I think this blog may fool people sometimes, although anyone who knows me personally will probably laugh at the thought of anyone thinking that I have it all together. There are a lot of areas where I struggle, but the absolute BIGGEST struggle in life for me is being pregnant. And guess what? I am.
I am only 6 weeks along and in the throws of sickness, just like my last one. With Pac-Man I had no sickness just didn’t enjoy being prego at all. With Krash I was so sick at one point I didn’t leave my house for over 3 weeks, and probably showered a total of 3 times during that. It was awful.
We had plans to try to wait and make the news public closer to 12 weeks, with the hopes that sickness wouldn’t overtake me, but it set in about 4 days ago and is hitting hard. So, the news is out. I hesitated about putting the news on this blog since it is more public, but I realized that I have gotten to know many of you through our online times together, I felt like I wouldn’t be honest if I hid it. We’re the kind of people who put it all out there anyway. So no matter what God’s plan is for the next few weeks or months, we’re ready.

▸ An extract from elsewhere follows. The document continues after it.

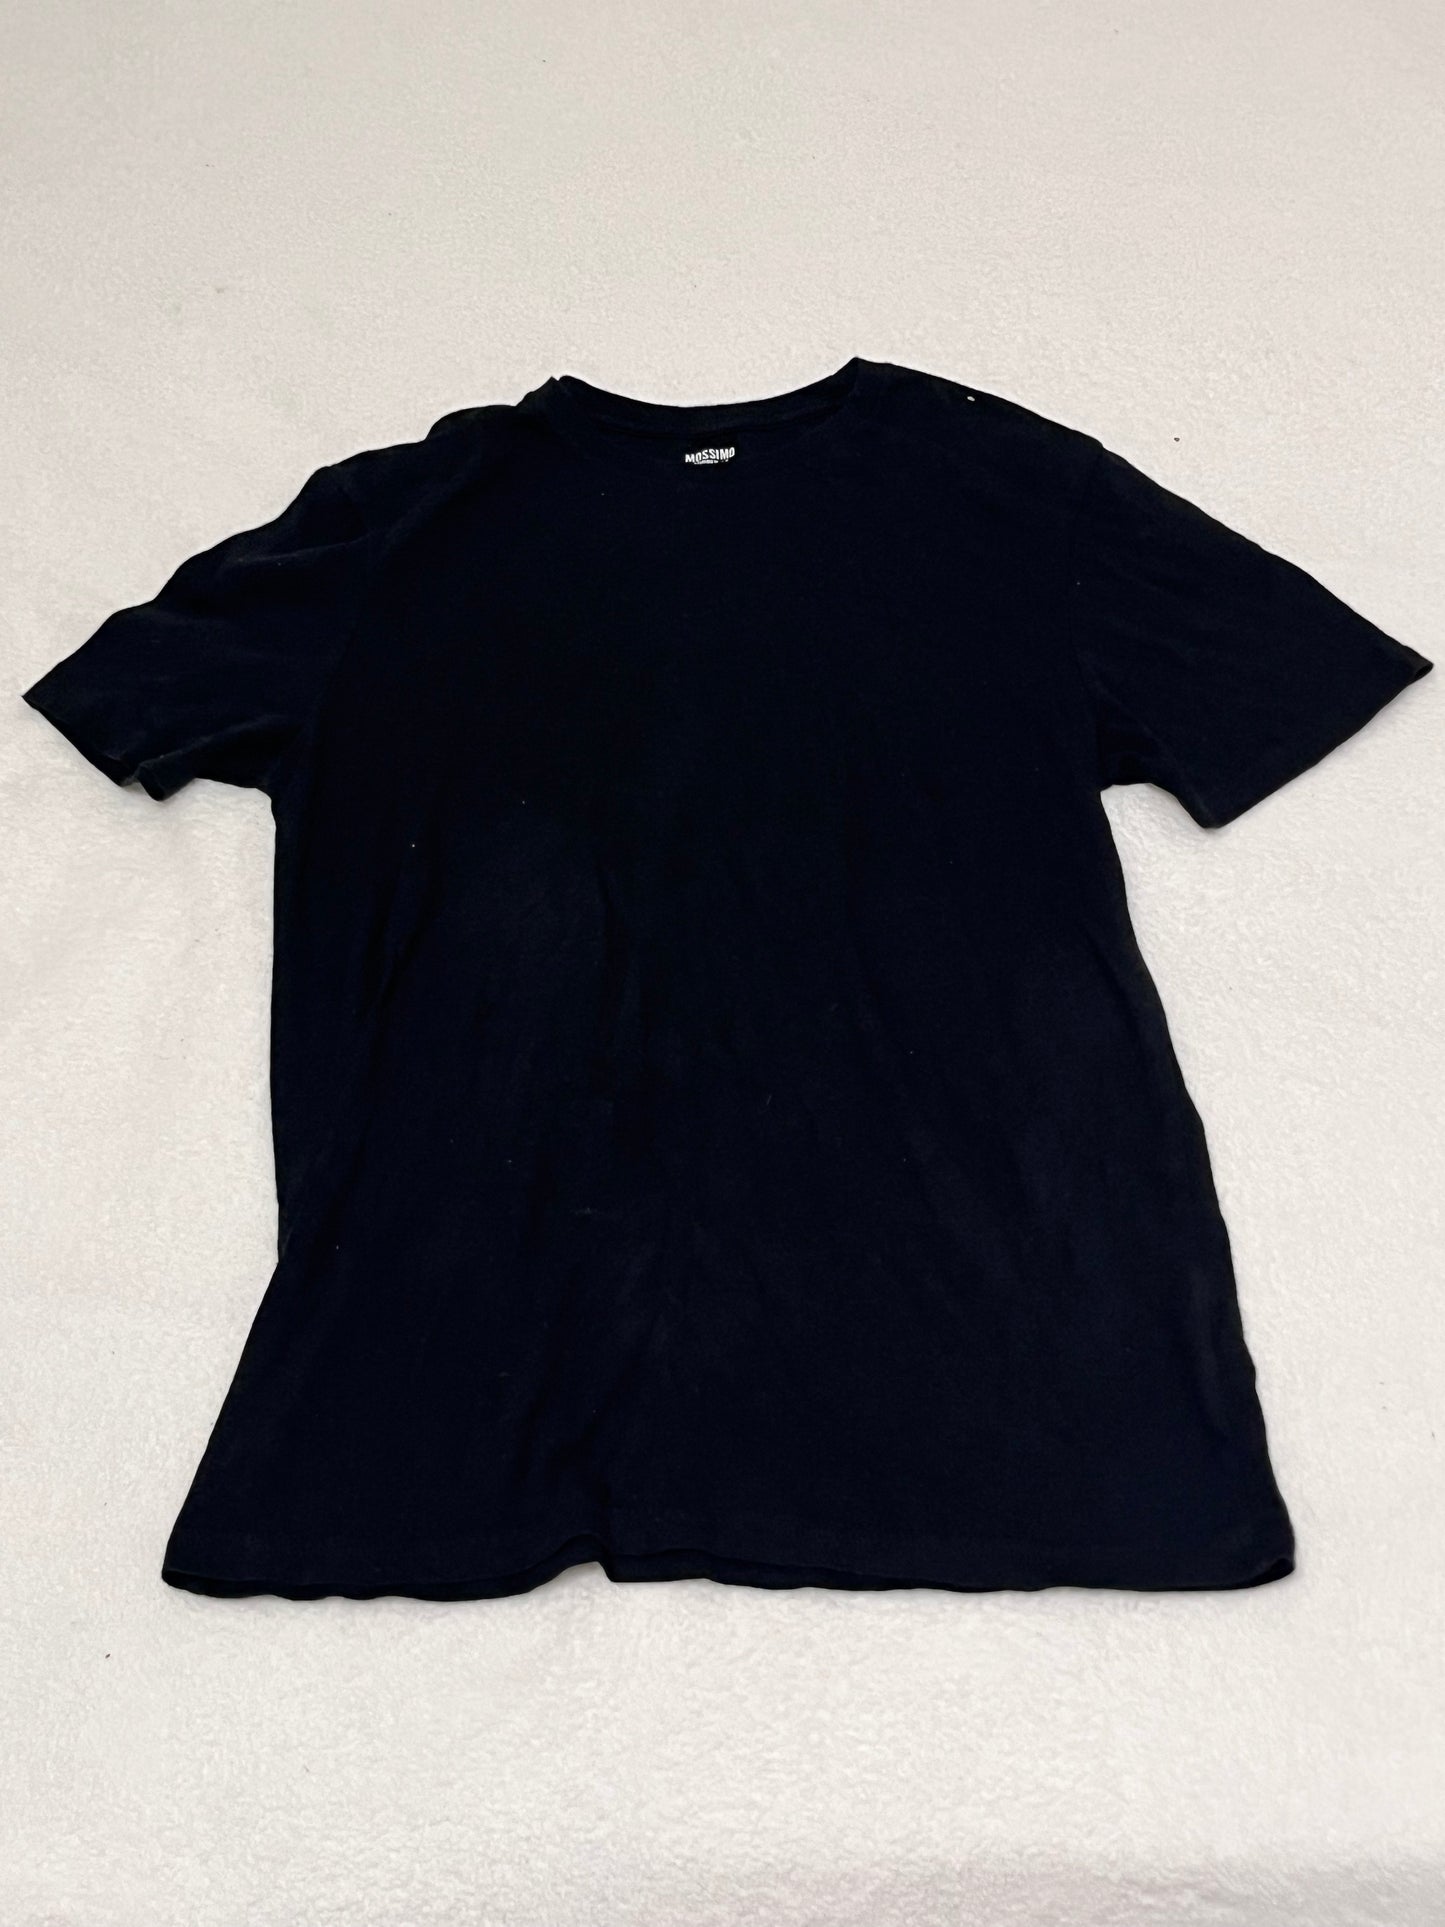 WRATH OF MAN: Bullet’s Black Cotton T-Shirt

I am having a hard time even getting out of bed, (praise my wonderful husband-he is awesome), let alone homeschooling, or taking any photos. The blog might lay dormant for a few weeks depending on how this sickness moves forward. I do plan to put up the Tot School Mr Linky on Sunday’s at least, even if I don’t have many photos to show!
I feel much like a failure, like a wimp, and I don’t like it. We have barely gotten through 1 day of school lessons in 3 days, and most of that was done with Pac sitting beside me while I lay on my bed. Anyone else been through this? I don’t know how we are going to school at all until this lifts a bit. And Krash, oh my-that’s a whole nother battle, just keeping up with him.
We go to Disney World with my parents on Saturday, a trip I have been looking forward to for a long time. I am praying God will give me enough of a break in the sickness to be able to enjoy moments with my boys.
Oh and to answer the question I know many of you are dying to ask…Yes this baby was planned…by God. ha ha!